Andy Lester writes "Perl 5 Porters have released a fix to the sprintf function that was recently discovered to have a buffer overflow in very specific cases. All Perl users should consider updating immediately. Dyad Security recently released a security advisory explaining how in certain cases, a carefully crafted format string passed to sprintf can cause a buffer overflow. This buffer overflow can then be used by an attacker to execute code on the machine. This was discovered in the context of a design problem with the Webmin administration package that allowed a malicious user to pass unchecked data into sprintf. A related fix for Sys::Syslog has already been released."
"The Perl 5 Porters team have solved this sprintf overflow
problem, and have released a set of patches, specific to four different
versions of Perl.
Those version numbers are incomplete: it looks from your list that some versions (such as 5.8.6) aren't covered, but actually some patches cover a range of versions.

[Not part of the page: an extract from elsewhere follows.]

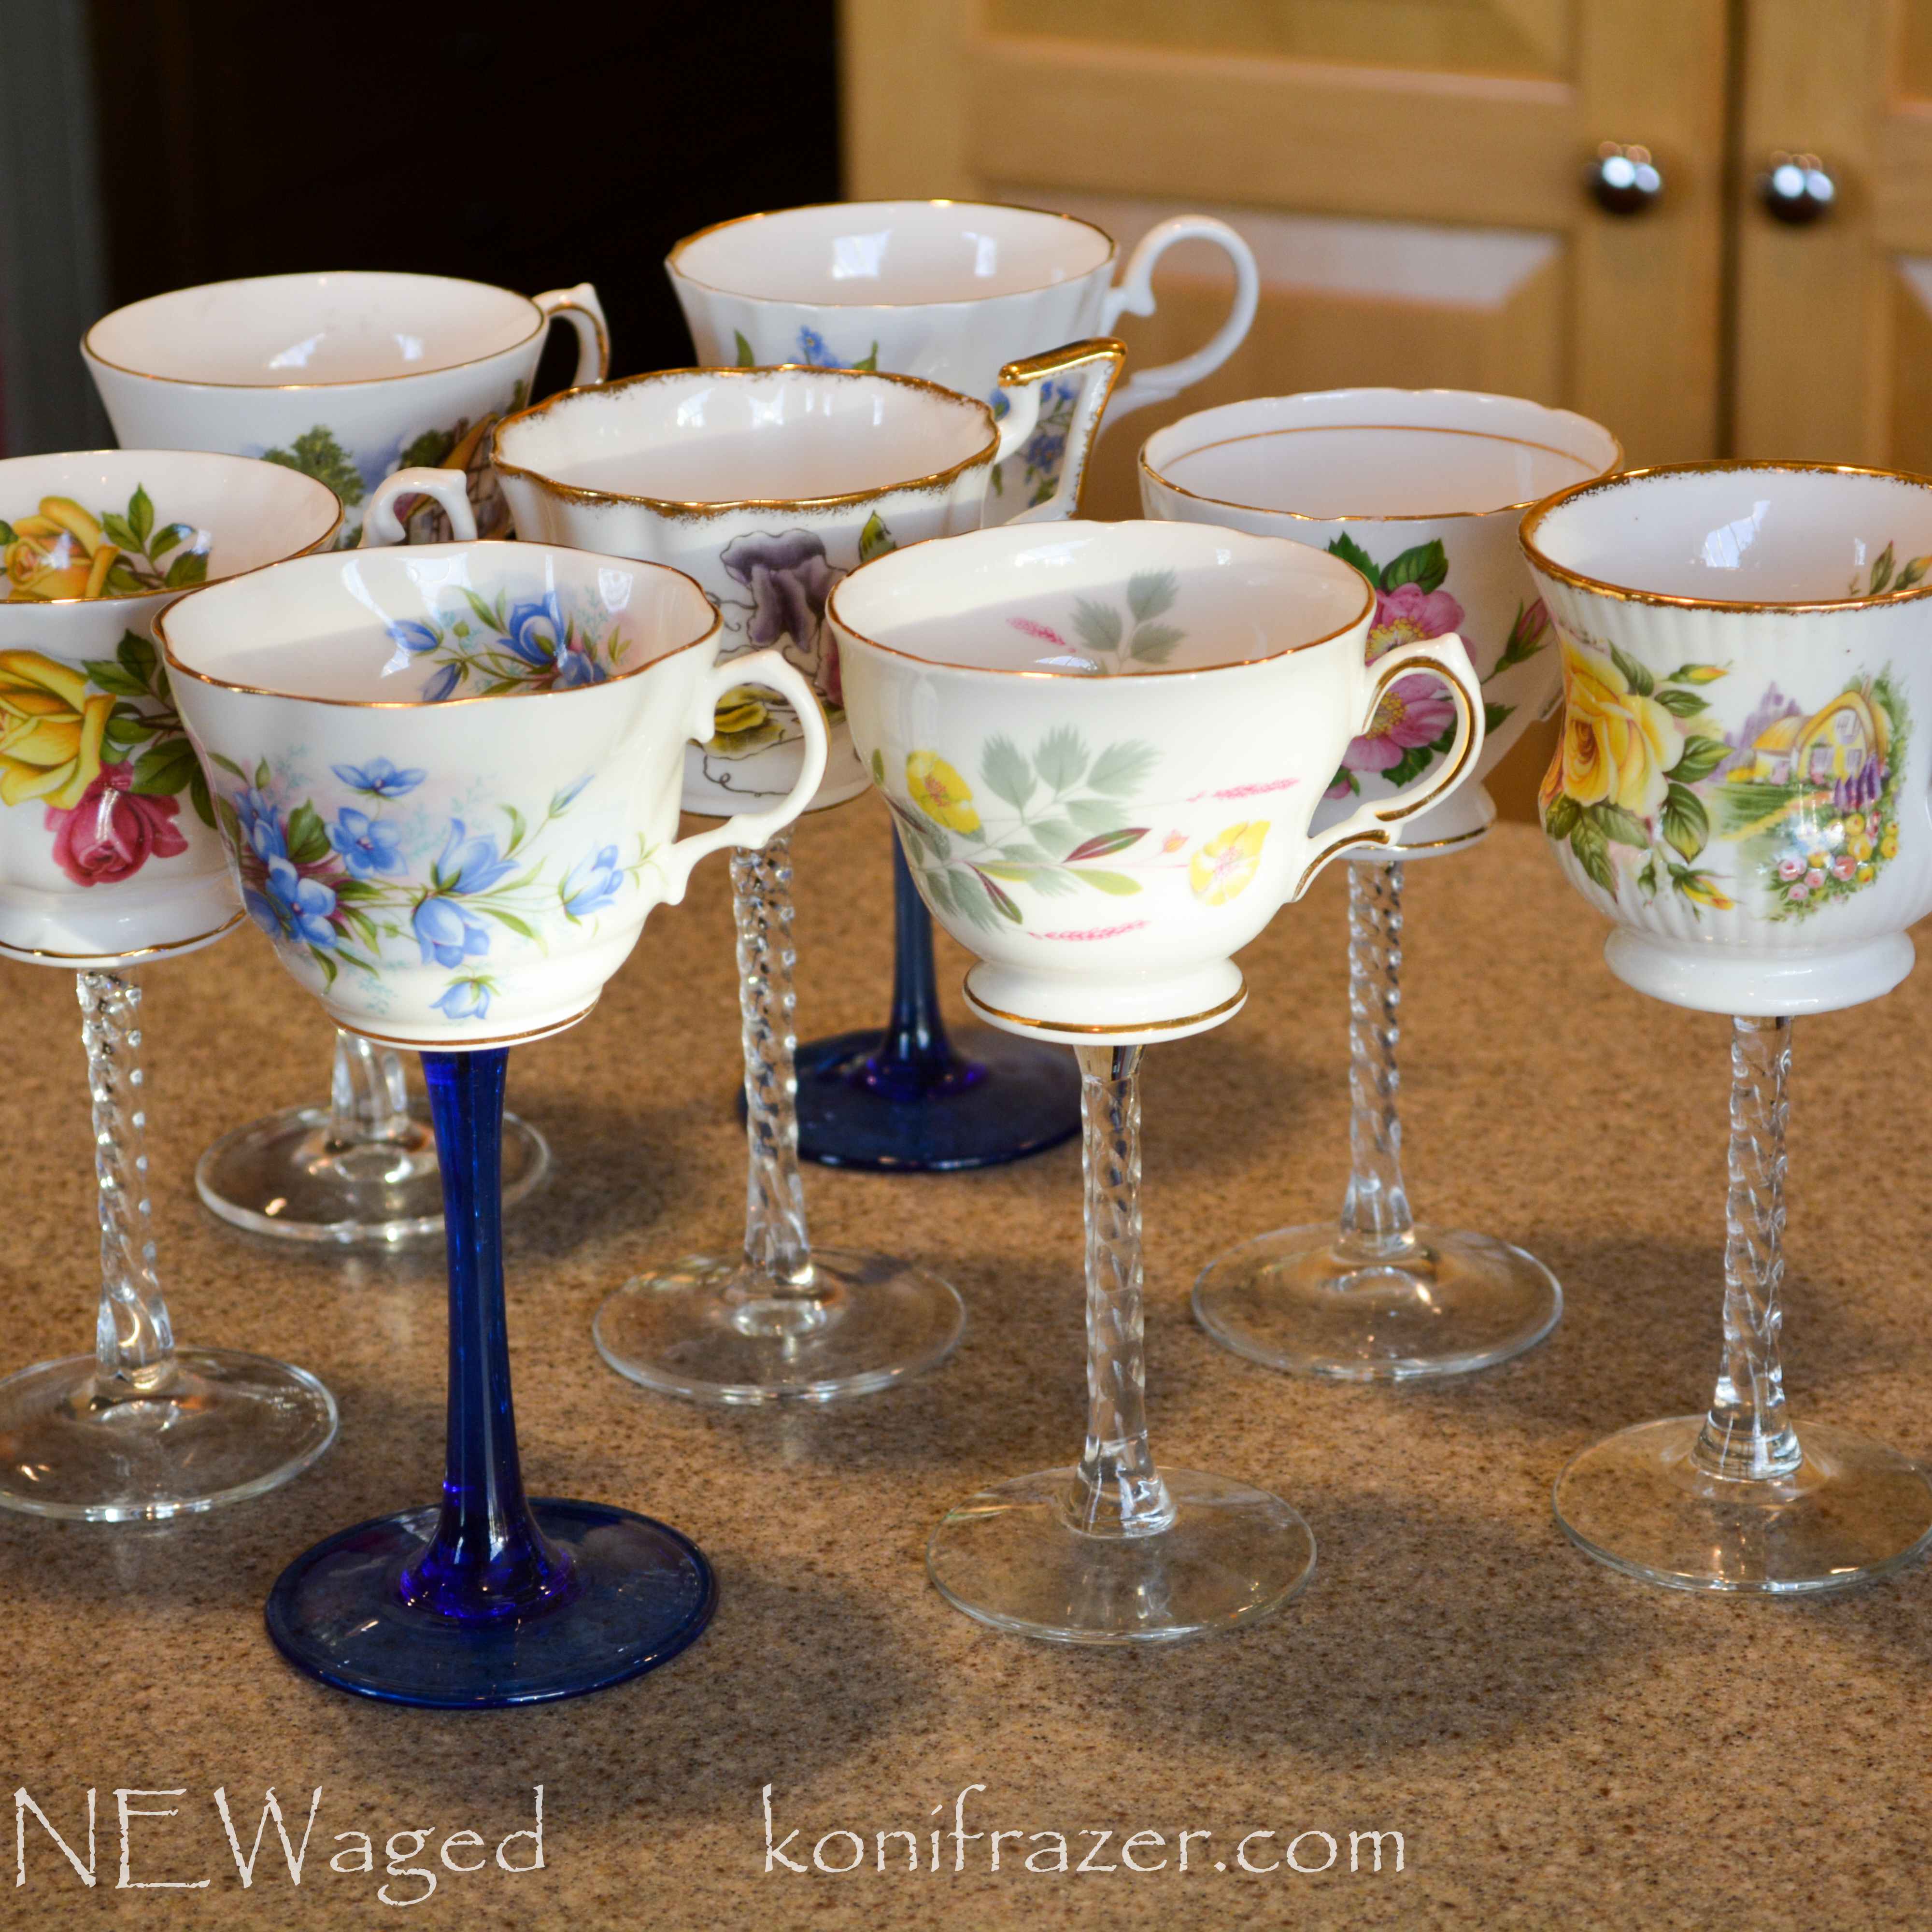 http://www.konifrazer.com/wp-content/uploads/2014/10/How-to-Make-a-Tea-Cup-Wine-Glass.jpg

Specifically, sprintf-5.8.2.patch is for both 5.8.1 and 5.8.2, and sprintf-5.8.7.patch is for all of 5.8.4 to 5.8.7.
Smylers
Re:Intermediate Versions are Covered
petdance on 2005-12-15T15:34:12
Thanks for the note. I've updated the lists that I've posted on perlfoundation.org, and in the stories I'm submitting to Slashdot et al, to explicitly include the intermediate versions.